Your instructions:
From the first line to the last, copy the material word for word; pictures stay out.

Dataset excerpt:
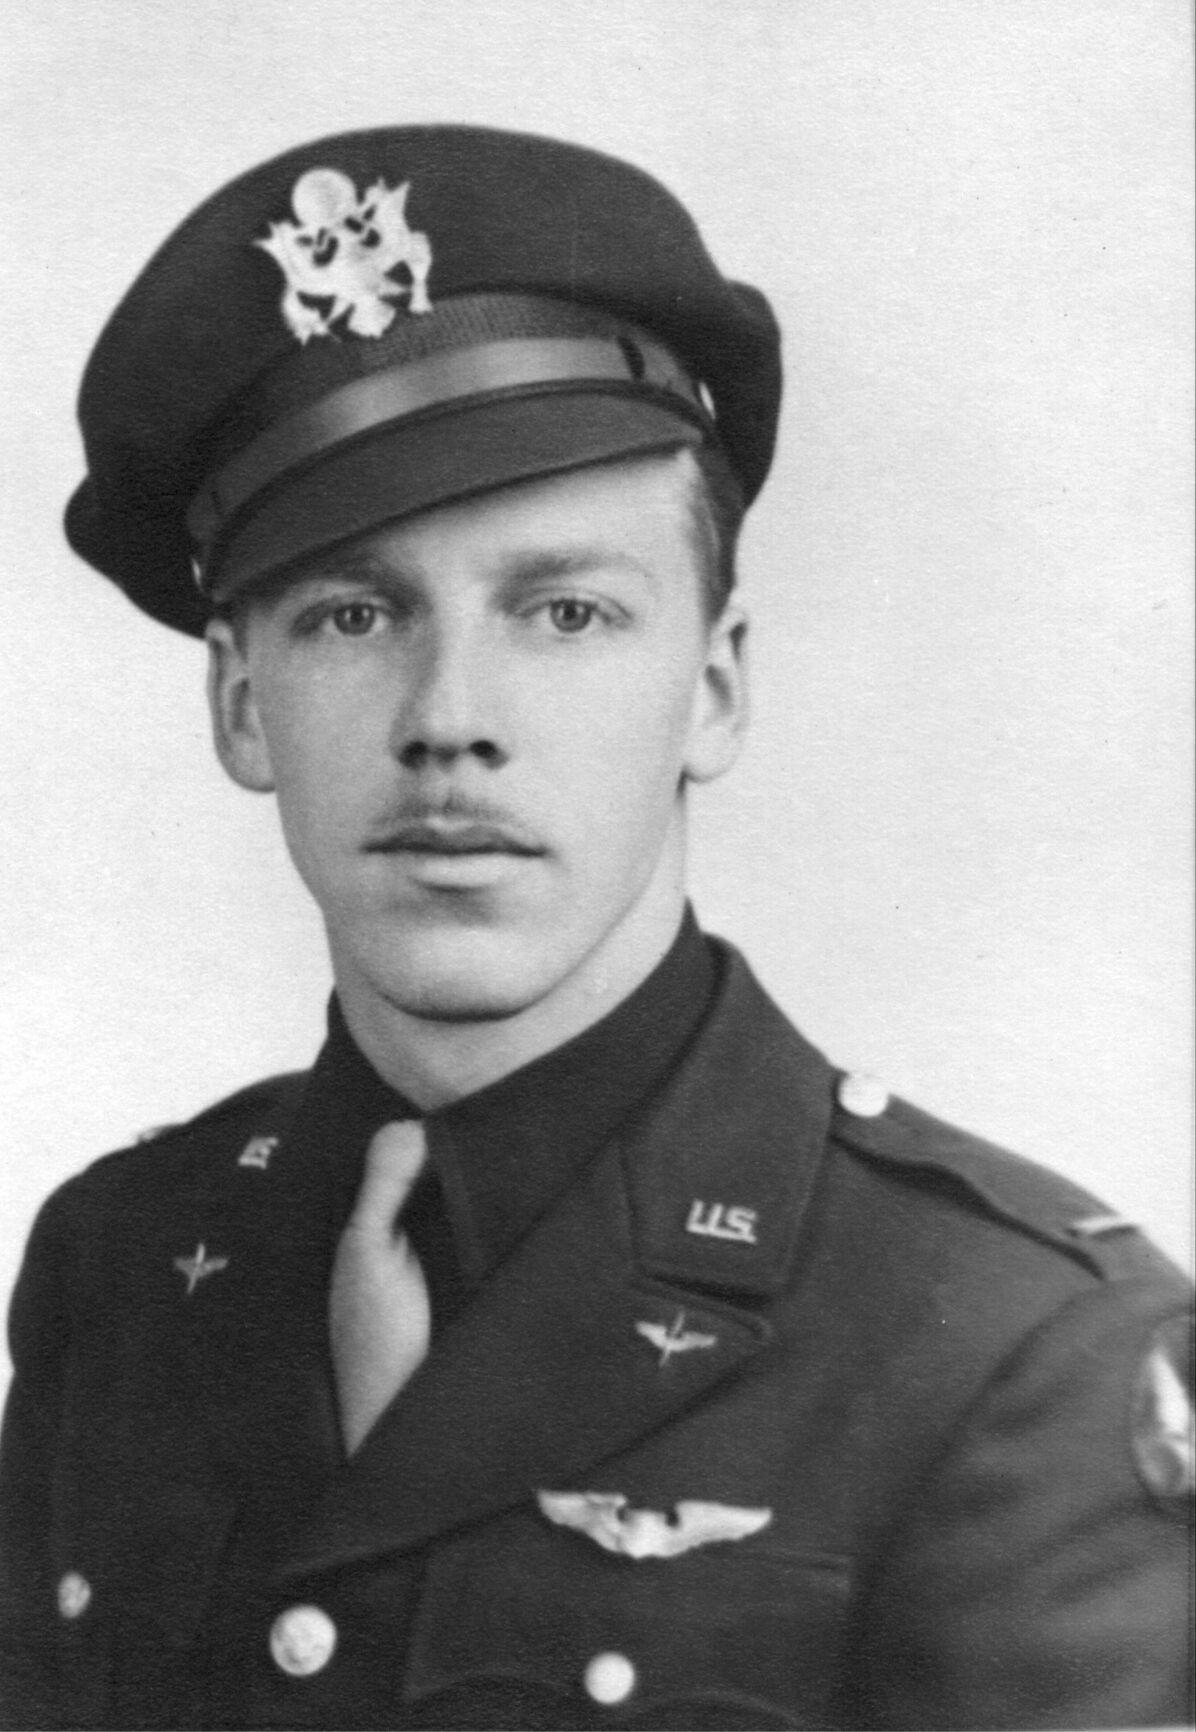 2nd Lt. Johnson abt Oct. 1943 085.jpg
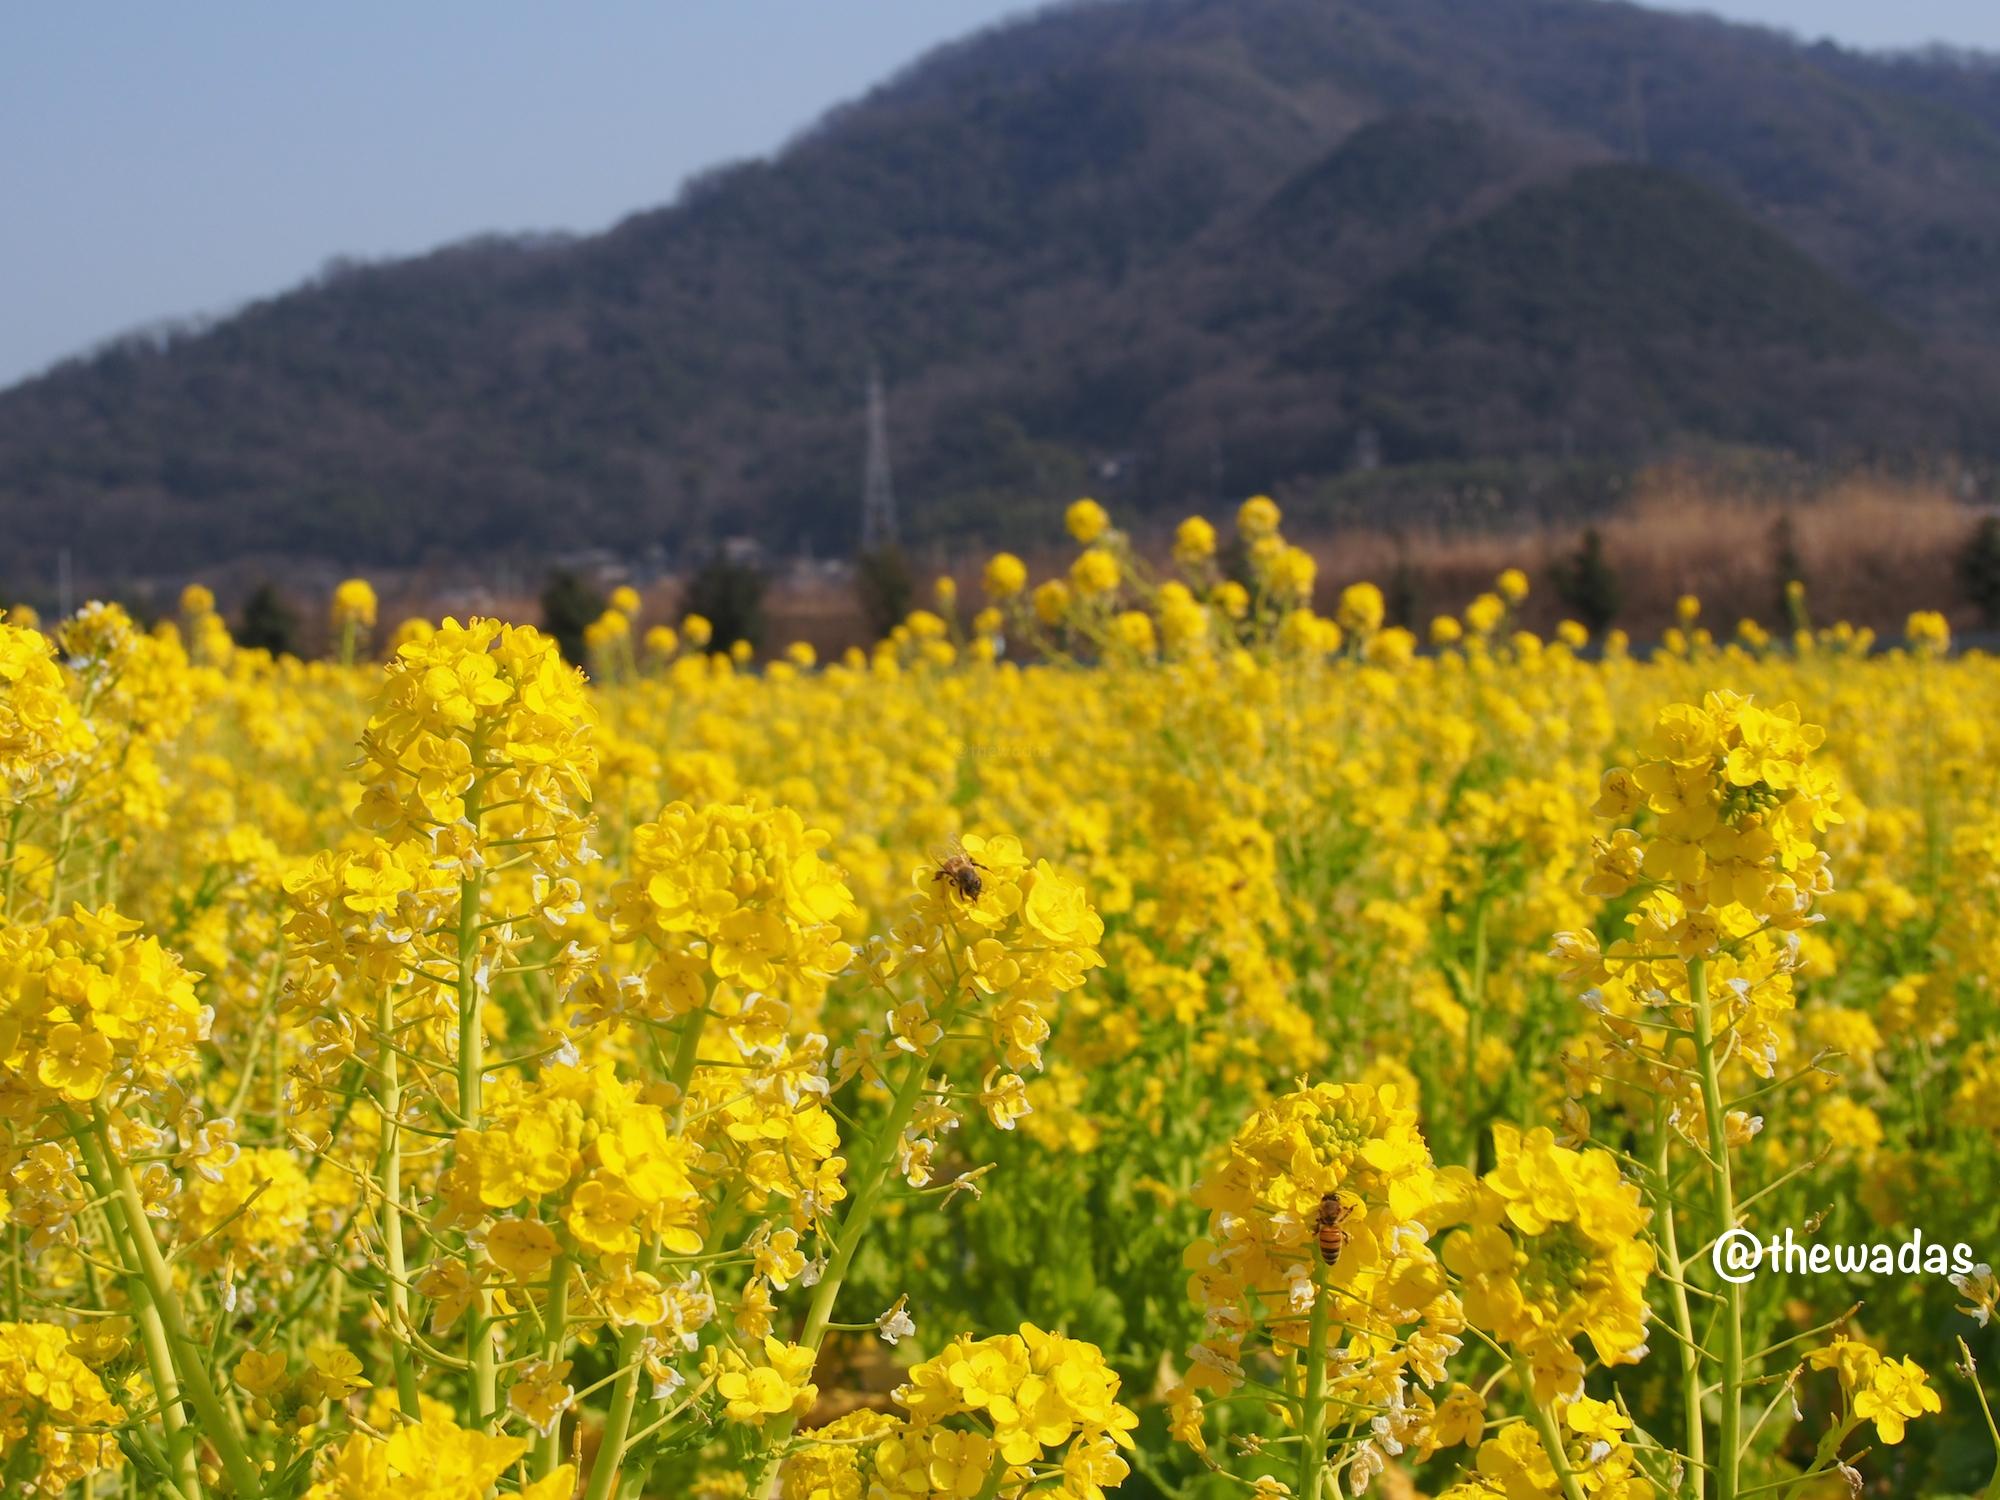 Kasaoka Bayfarm: Nanohana rapeseed flower field, closeup
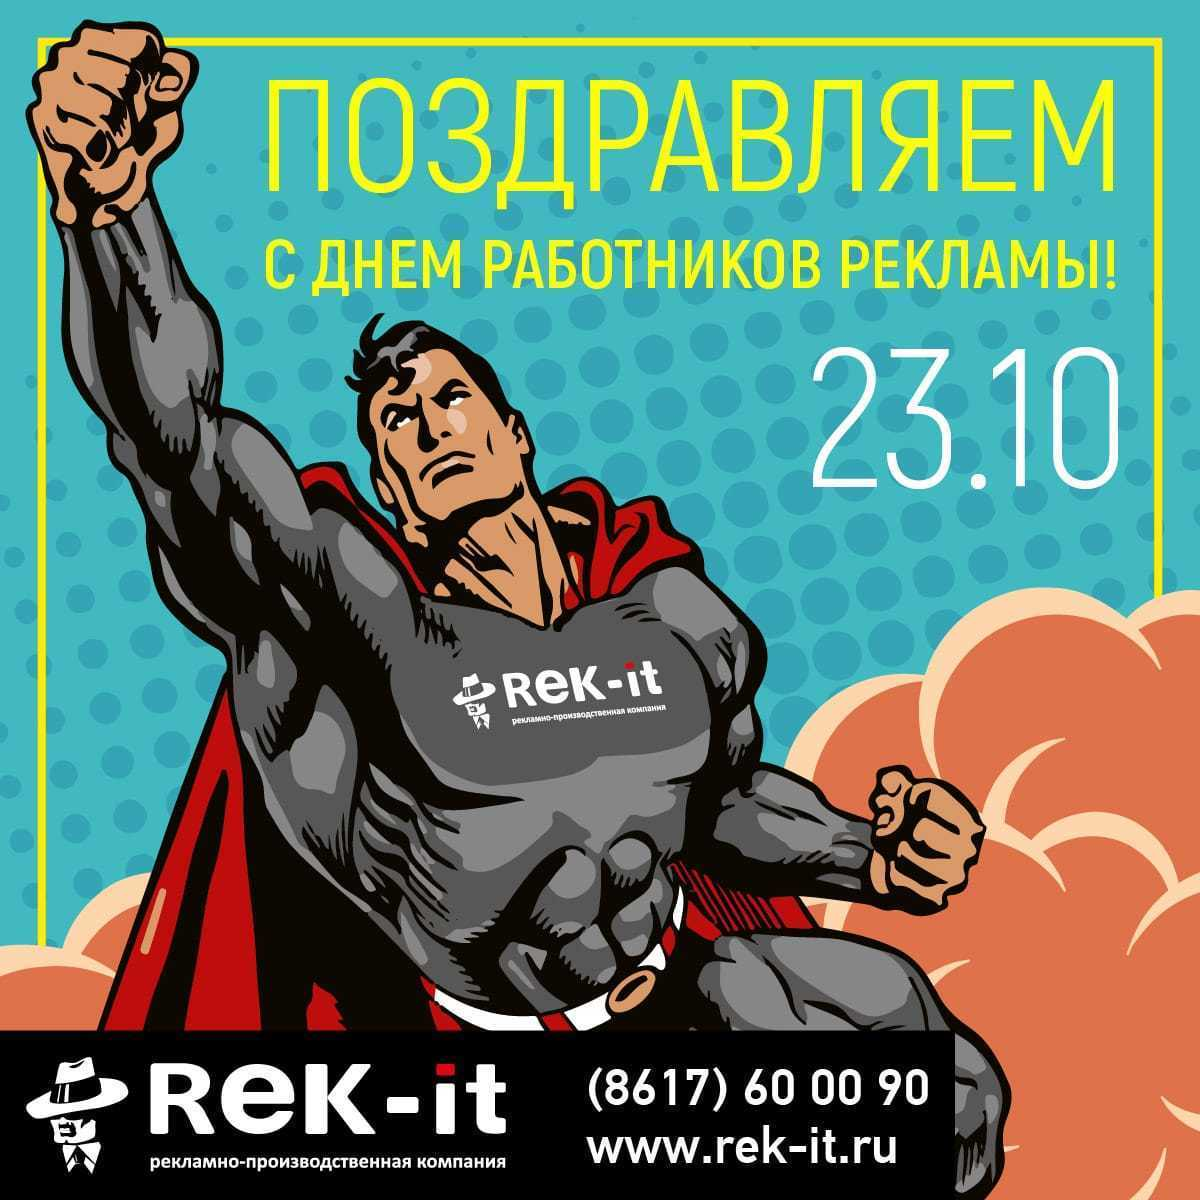 Компания «Rek-it» поздравляет новороссийцев с днём рекламщика

Output for this exercise:
 2nd Lt. Johnson abt Oct. 1943 085.jpg
 Kasaoka Bayfarm: Nanohana rapeseed flower field, closeup
 Компания «Rek-it» поздравляет новороссийцев с днём рекламщика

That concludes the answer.